BEGIN Data to examine
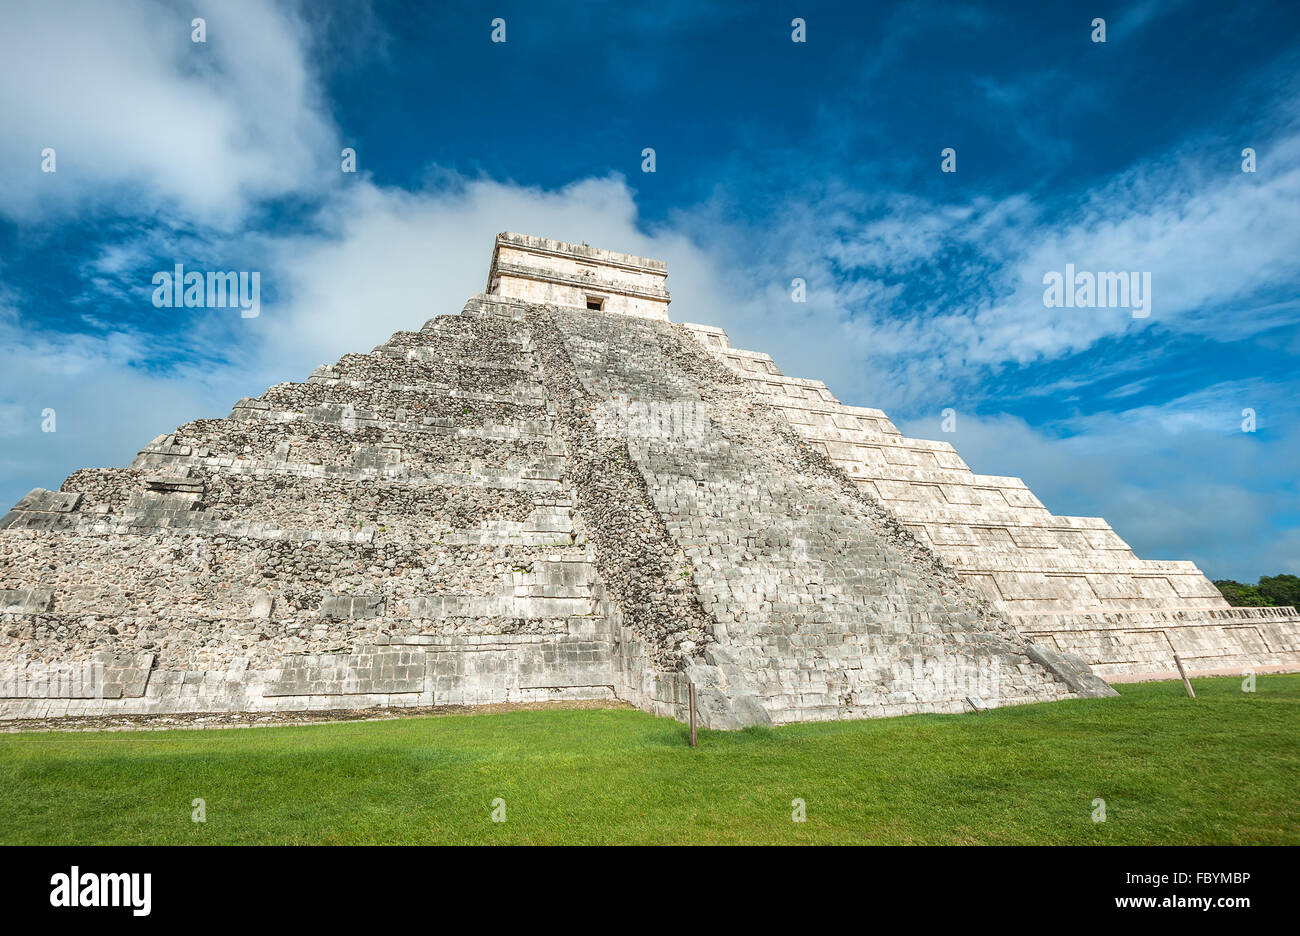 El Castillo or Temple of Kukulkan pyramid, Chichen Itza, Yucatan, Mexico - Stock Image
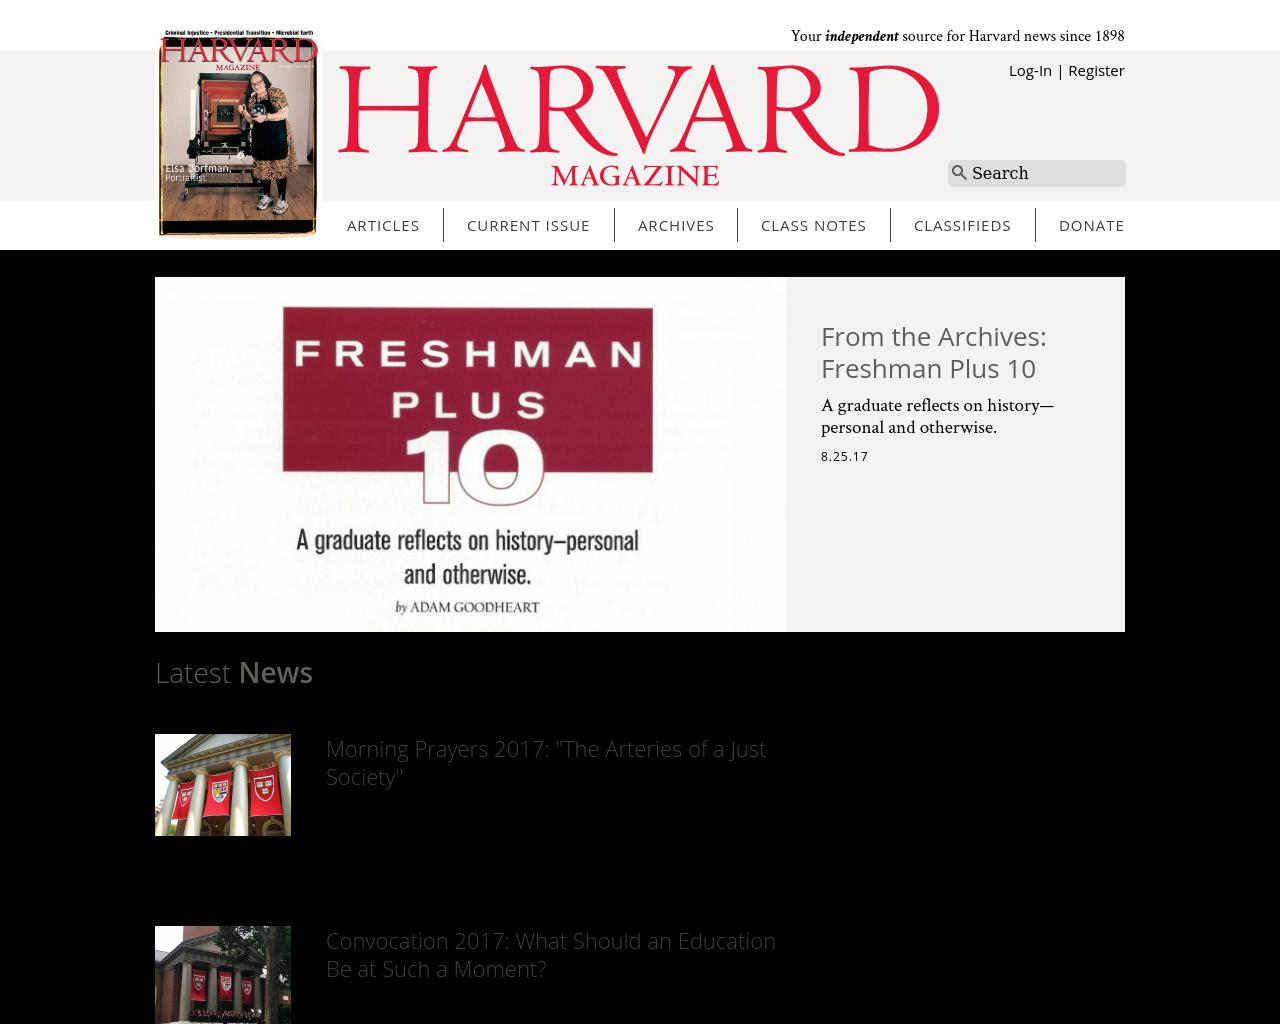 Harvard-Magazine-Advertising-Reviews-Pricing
END Data to examine
BEGIN Data to examine
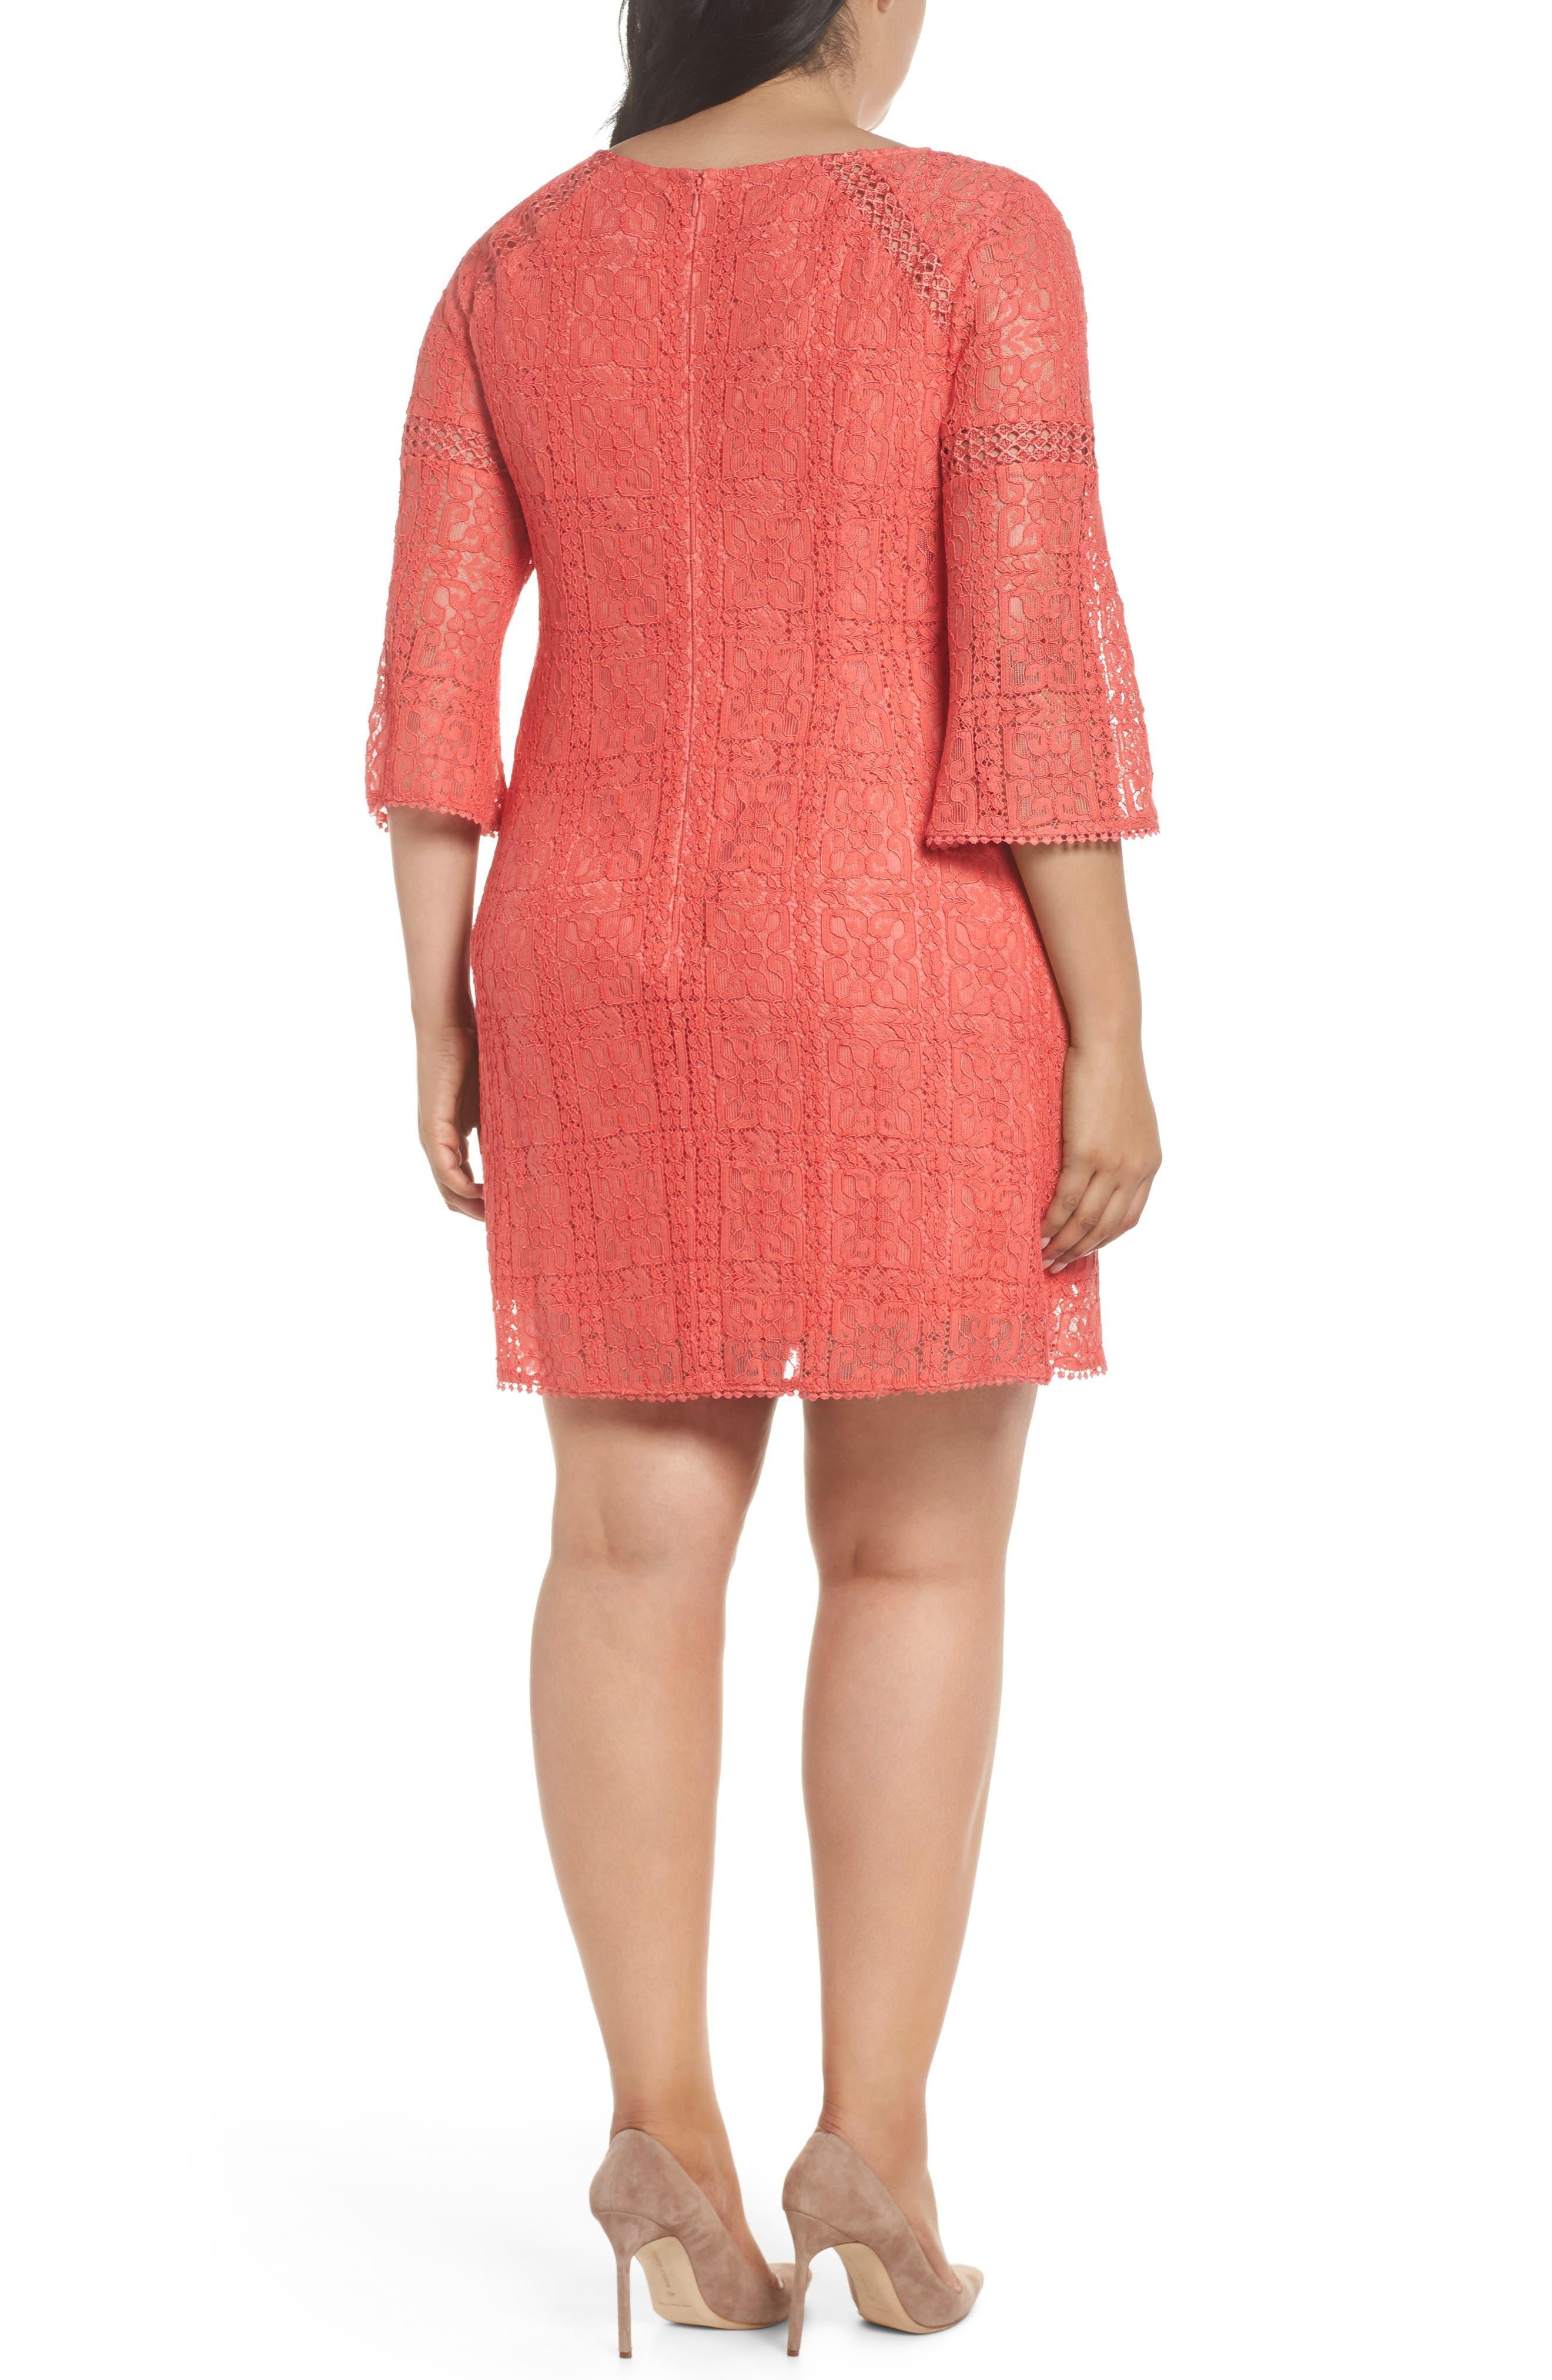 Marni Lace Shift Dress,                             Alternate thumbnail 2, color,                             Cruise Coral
END Data to examine
[What you should do]
In the records above, find the line with "El Castillo or" and the line with "Harvard-Magazine-Advertising-Reviews-Pricing", then restate word for word only those two lines and all lines between, omitting pictures.

[Written response]
 El Castillo or Temple of Kukulkan pyramid, Chichen Itza, Yucatan, Mexico - Stock Image
 Harvard-Magazine-Advertising-Reviews-Pricing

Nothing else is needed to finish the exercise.